Based on my experience with the first jig, I would be more comfortable with the 3/8".


----------



## BWSmith (Aug 24, 2010)

More than likely out of your shop's production profile?.......Noting,there's a huge difference making 10's and 20's of a part and making 100+.And is the reason for response.

It takes a smart designer to know when fixturing,exactly how far we want to go.Not only with the purse strings,but time as well.

Having said that.....and still barely scratching the surface,there are times when a nice slab of 1/2" thick,aluminum plate can really pay off.It can be drilled/tapped very quickly to accommodate almost endless jigs from one pce.Another is a nice slab of plastic(Delrin,HDPE,nylon,ect.).Shipping the above can get costly....see or ask around if there's a supplier near you.You're looking for a friend in the biz that can possibly steer "drops" your way.

You'll have to be smart about it though.Going to a larger CNC shop prolly isn't going to find many drops.They spend "good money" on fixturing,usually ordering custom cut pcs......amortizing the cost over 1000's of parts.Instead,you need to find a "supply" house.....one that in fact,does custom work.Thats where you'll find drops.Good luck.


----------



## jschaben (Apr 1, 2010)

Just out of curiosity, any idea why your first jig "failed"? I'm having a hard time picturing a taper jig failing very easily once constructed.. Pic of your old one might help.:blink:


----------



## MT Stringer (Jul 21, 2009)

I bought a half sheet (5' x 5') of 1/2" Baltic Birch recently from my local lumber supplier.

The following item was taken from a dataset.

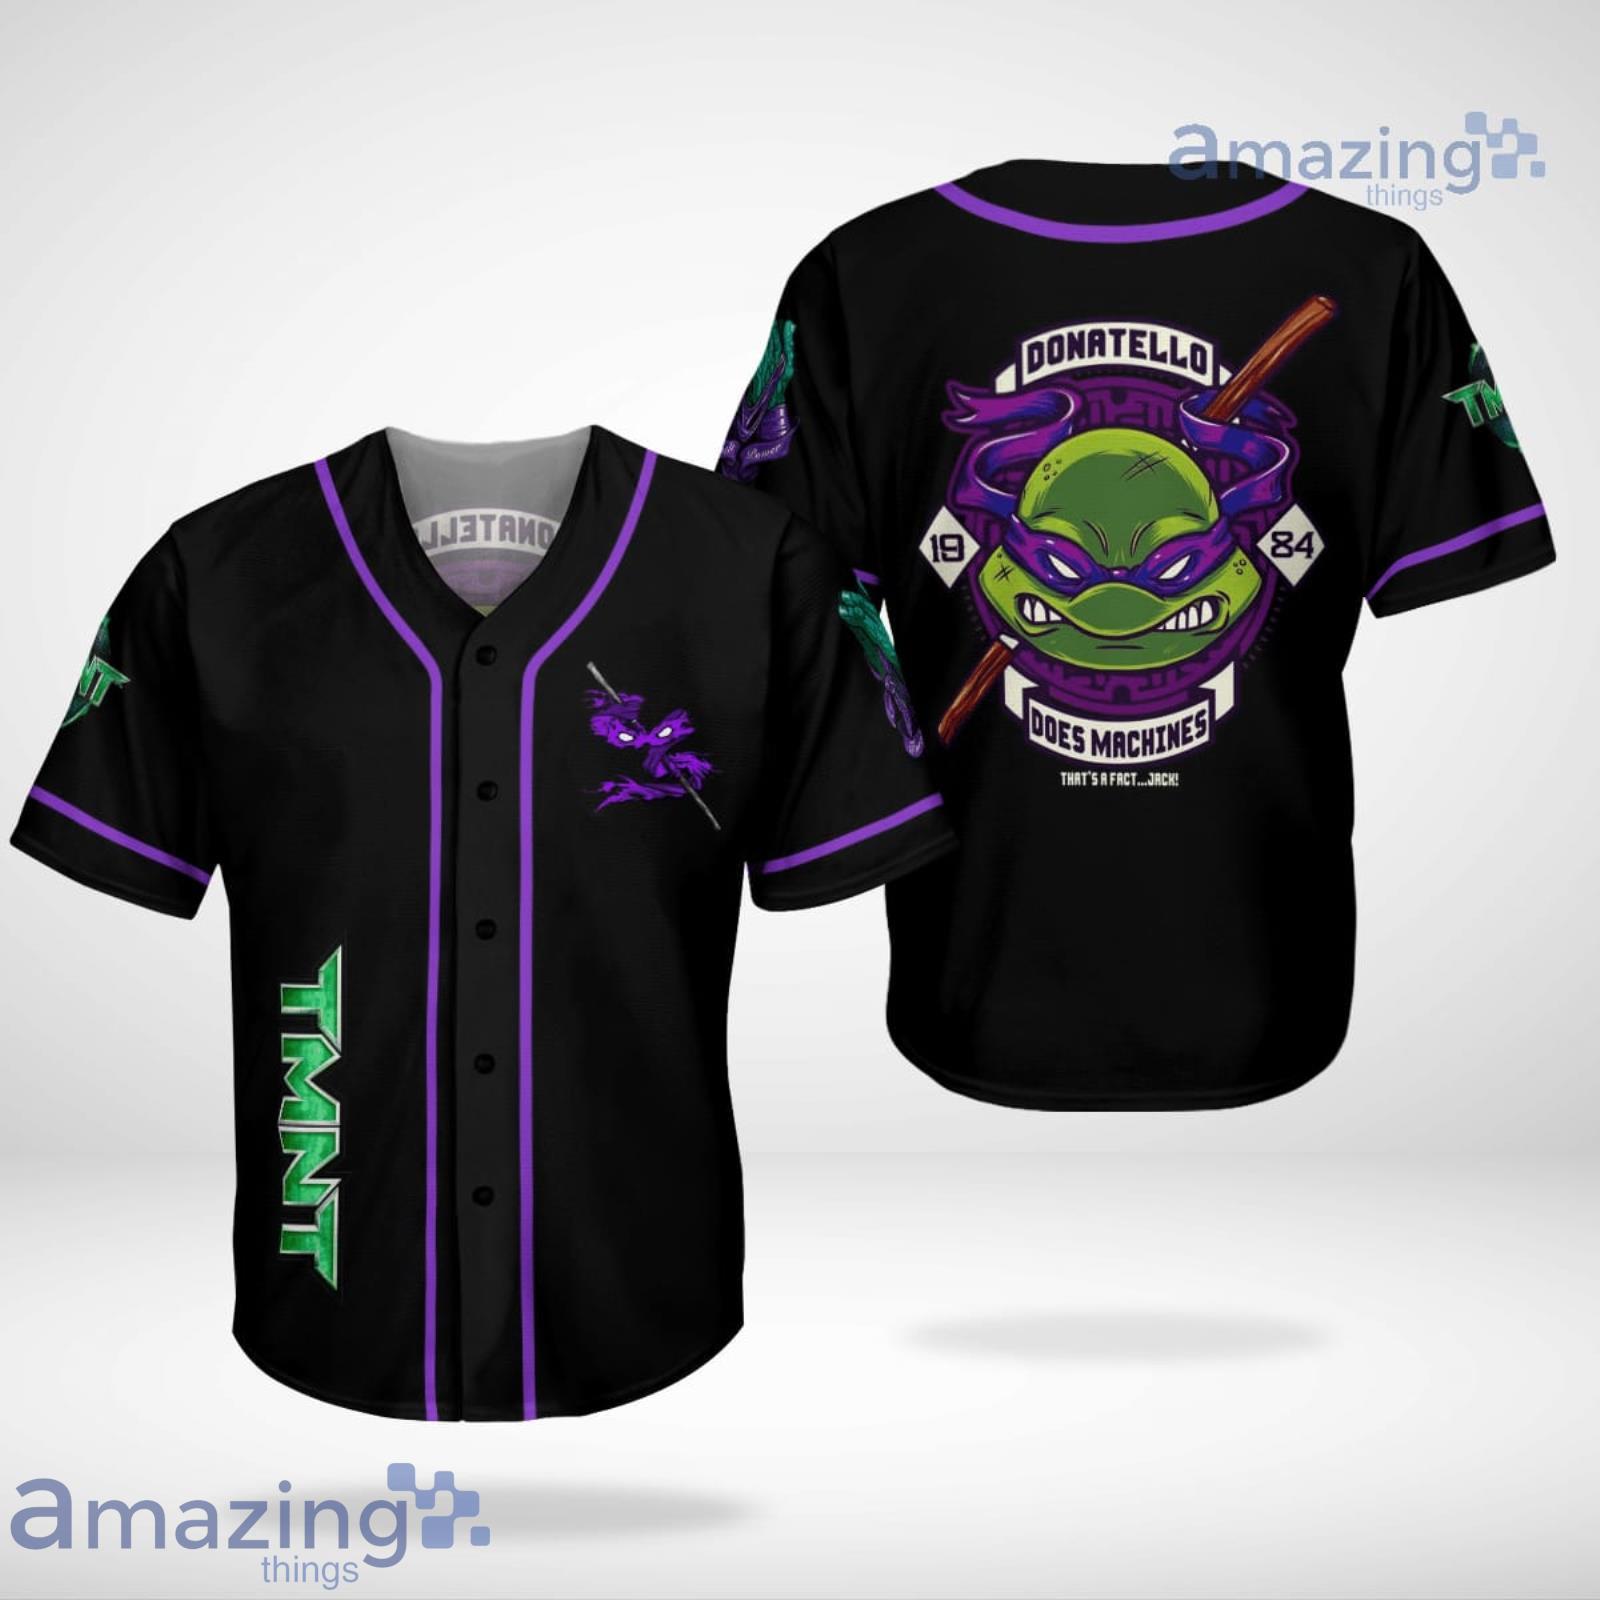 https://image.whatamazingthings.com/2023/03/donatello-tmnt-ninja-turtles-baseball-jersey-shirt.jpg

I am slowly using it up. @ $37 it wasn't too expensive. Here is a pic of my new drill press table made from two pieces of the 1/2" BB glued together and laminated with white Formica. It looks really good in person.


----------



## Dodger52 (Aug 18, 2013)

jschaben said:


> Just out of curiosity, any idea why your first jig "failed"? I'm having a hard time picturing a taper jig failing very easily once constructed.. Pic of your old one might help.:blink:


Here is a pic...











Its not hard to believe it failed once you see it... I really did throw it together from some scrap. The screws holding the "guide" are pulling through the base. After solving that I am sure that the "clamps" which have to be tightened with a screwdriver are the next to fail. I have ordered some hardware that will replace the "clamps" and provide adequate pressure to hold the leg in place. The replacement will have a larger block to handle the piece. I Have three different sizes of legs to cut so I thought I would make a stop with a dowel attached that would fit into a hole for each of the three sizes.


----------



## Dodger52 (Aug 18, 2013)

MT Stringer Very nice!


----------



## MissionIsMyMission (Apr 3, 2012)

I made this taper jig for my shop from MDF and Masonite for under $10 bucks. It works great


----------